In an interview with Fashionista, Chase Kusero (Jared's longtime hairstylist and true hero of hair follicles everywhere) revealed that due to upcoming film roles, Jared is probably going to have to ditch his signature locks "for characters." Why filmmakers can't work some hommbre or "mraids" into their scripts, we'll never know.
Well, before we retreat into a corner to weep for all eternity, we came up with some styles he should try before his long hair is long gone. Check 'em out below.
Similar to the mraid he wore to the Golden Globes? Yes, but the modern, messy take on a regular braid would be the perf sendoff to Jared's Rapunzel hair.
Colorful Ombré Braid
Go big or go home, Jared! Kick your mraids and ombré up a notch with this cotton candy lewk.
Double Dutch Braid
Chase Kusero has done a lot with his #1 client's hair already, but has he ever put a casual basket weave up in thurr? No.
Low man-bun business in the back, untamed tornado party in the front. We approve.
Whimsical Flower Braid
If he ever feels a strong nostalgia for his days spent roaming the dusty fields of Coachella, incorporating a few well-placed flowers into his braided 'do would take him right back to festival season.
Daisy Top Knot
Top knots are cool and all, but what about DAISY top knots? Def the coolest of all.
Take some pointers from fellow musician Lady Gaga, Jared — you can never go wrong with a hair bow.
This style will instantly make anyone the coolest kid in kindergarten--er, we mean Hollywood.
"I Just Went Hiking" Waves
Jared Leto seems like the kind of guy who'd enjoy a long hike, so next time, instead of climbing down the side of the mountain, he should just roll. He'll end up with a hairstyle worthy of Mother Nature herself.

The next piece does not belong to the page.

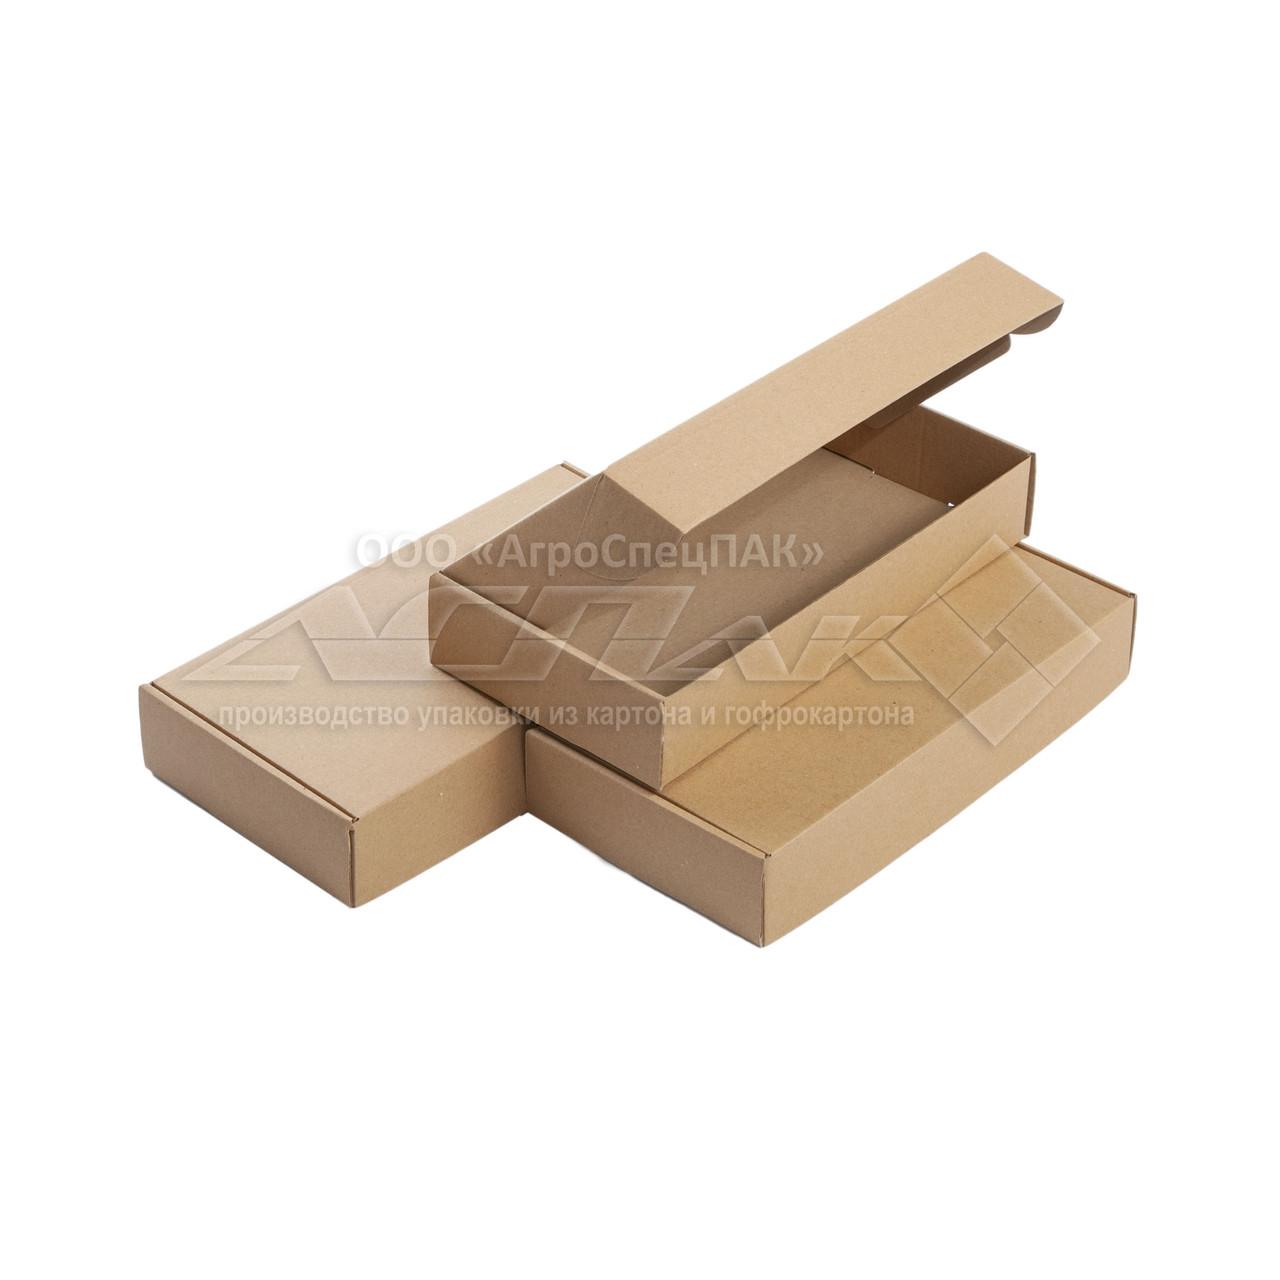 Картонные коробки 303*153*53 бурые - фото 1

Don't worry, facial hair! We didn't forget about you! Just in case Jared has to shear his beard as well, this could be the perfect way for him to bid adieu.
Glitter Bomb Beard
We're also a pretty big fan of this shimmery scruff. Combine this with the pastel ombré and Jared would be a living, breathing unicorn. *sheds single tear of joy*
While this news is devastating beyond belief, rest assured the memory of his now-iconic hair will live on forever in (on?) the meticulously mused heads of festival goers for decades to come.